通过 fed-batch 培养与 pH 变换控制策略的整合，利用代谢工程化的詹氏丙酸杆菌从甘油生产丙酸。

Improved propionic acid production from glycerol with metabolically engineered Propionibacterium jensenii by integrating fed-batch culture with a pH-shift control strategy.

机构信息

Key Laboratory of Carbohydrate Chemistry and Biotechnology, Ministry of Education, Jiangnan University, Wuxi 214122, China; Key Laboratory of Industrial Biotechnology, Ministry of Education, Jiangnan University, Wuxi 214122, China; Synergetic Innovation Center of Food Safety and Nutrition, Wuxi 214122, China.

School of Chemical and Biomolecular Engineering, Georgia Institute of Technology, Atlanta 30332, USA.

出版信息

Bioresour Technol. 2014;152:519-25. doi: 10.1016/j.biortech.2013.11.063. Epub 2013 Nov 28.

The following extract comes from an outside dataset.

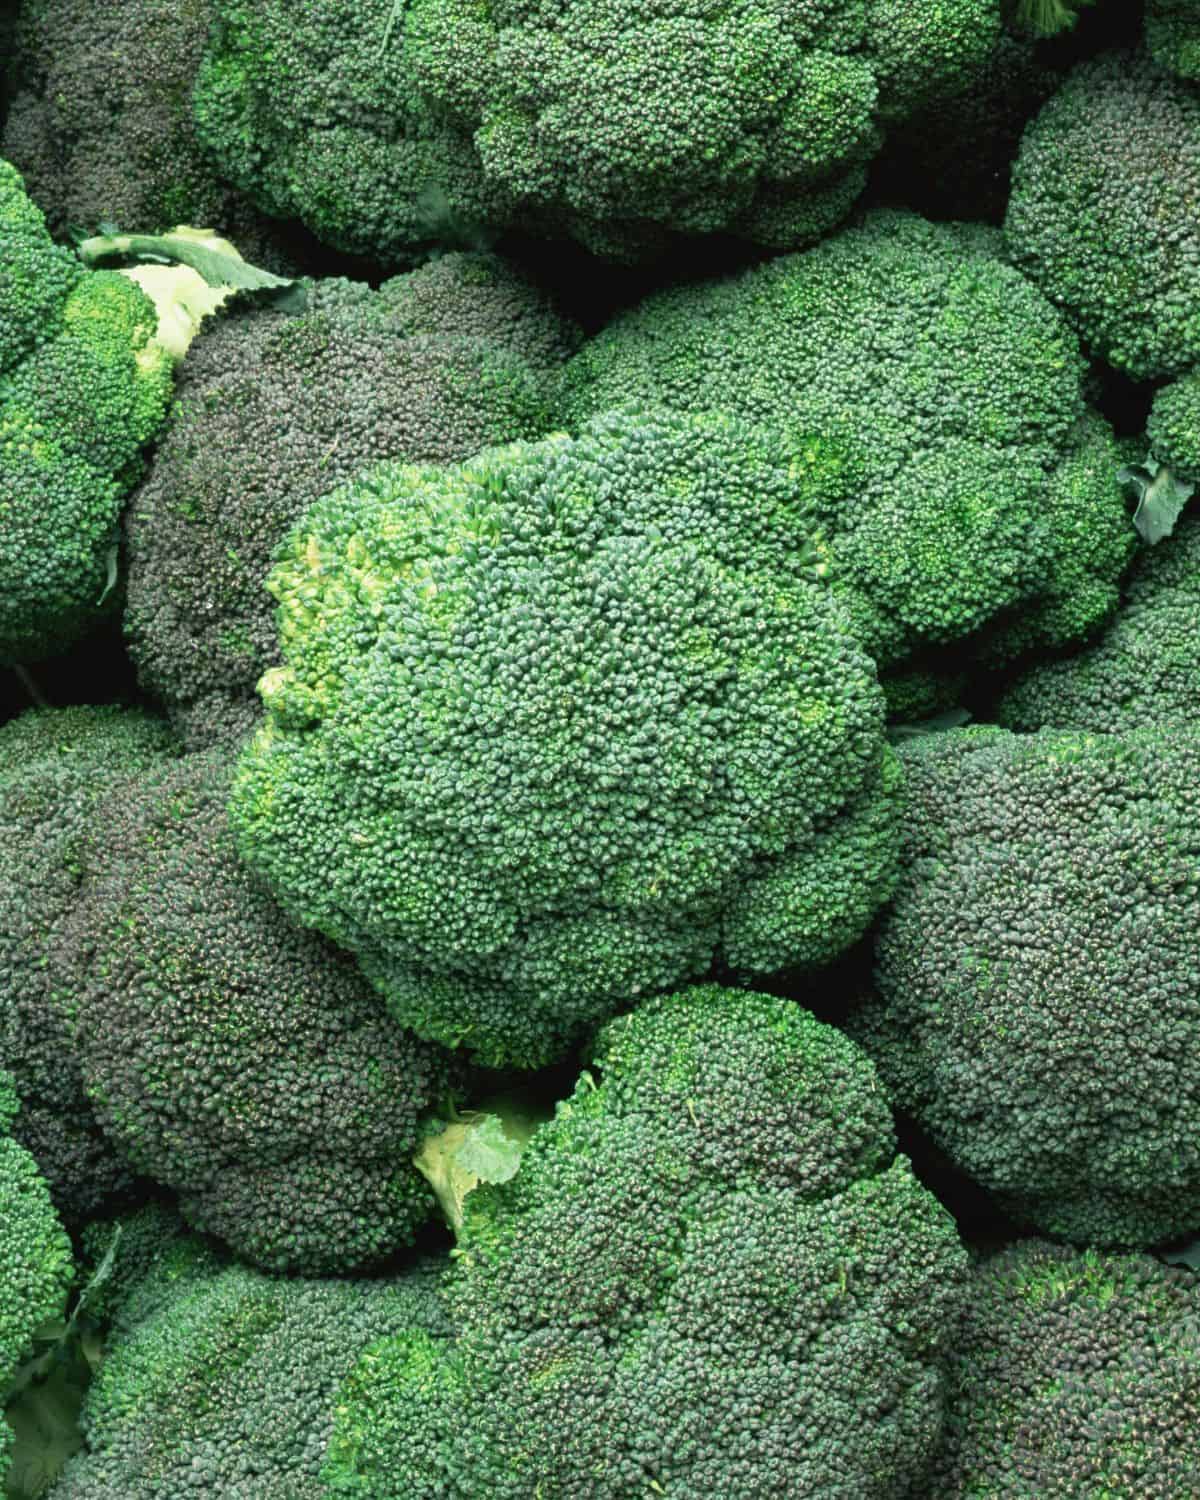 Heads of fresh broccoli.

DOI:10.1016/j.biortech.2013.11.063

PMID:24333145

Abstract

Propionic acid (PA) production with metabolically engineered Propionibacterium jensenii (pZGX04-gldA) was improved by integrating fed-batch culture with a two-stage pH control strategy in a 3-L fermenter. The following two-stage pH control strategy was used: the pH was controlled at 5.9 for 0-36 h and shifted to 6.5 after 36 h. The PA titer was increased to 21.43 g/L. On the basis of pH control, the influence of fed-batch culture on PA production was further investigated and the maximum PA production (34.62 g/L) was obtained when glycerol was fed at a constant rate of 3.33 mL/h from 60 to 132 h with an initial glycerol concentration of 25 g/L. Crude glycerol was then used to produce PA using the optimized strategies, and maximal PA production reached 37.26 g/L. The strategies may be useful for the production of PA by other propionibacteria species.

摘要

利用代谢工程化的丙酸棒杆菌（pZGX04-gldA）进行丙酸生产，通过在 3-L 发酵罐中整合分批培养和两段 pH 控制策略来提高生产效率。采用以下两段 pH 控制策略：在 0-36 h 时将 pH 控制在 5.9，36 h 后将 pH 调至 6.5。丙酸产量提高到 21.43 g/L。在 pH 控制的基础上，进一步研究了分批补料培养对丙酸生产的影响，当在 60-132 h 期间以 3.33 mL/h 的恒定速率补加甘油，初始甘油浓度为 25 g/L 时，丙酸产量最高（34.62 g/L）。然后使用优化的策略利用粗甘油生产丙酸，最高丙酸产量达到 37.26 g/L。这些策略可能对其他丙酸棒杆菌属的丙酸生产有用。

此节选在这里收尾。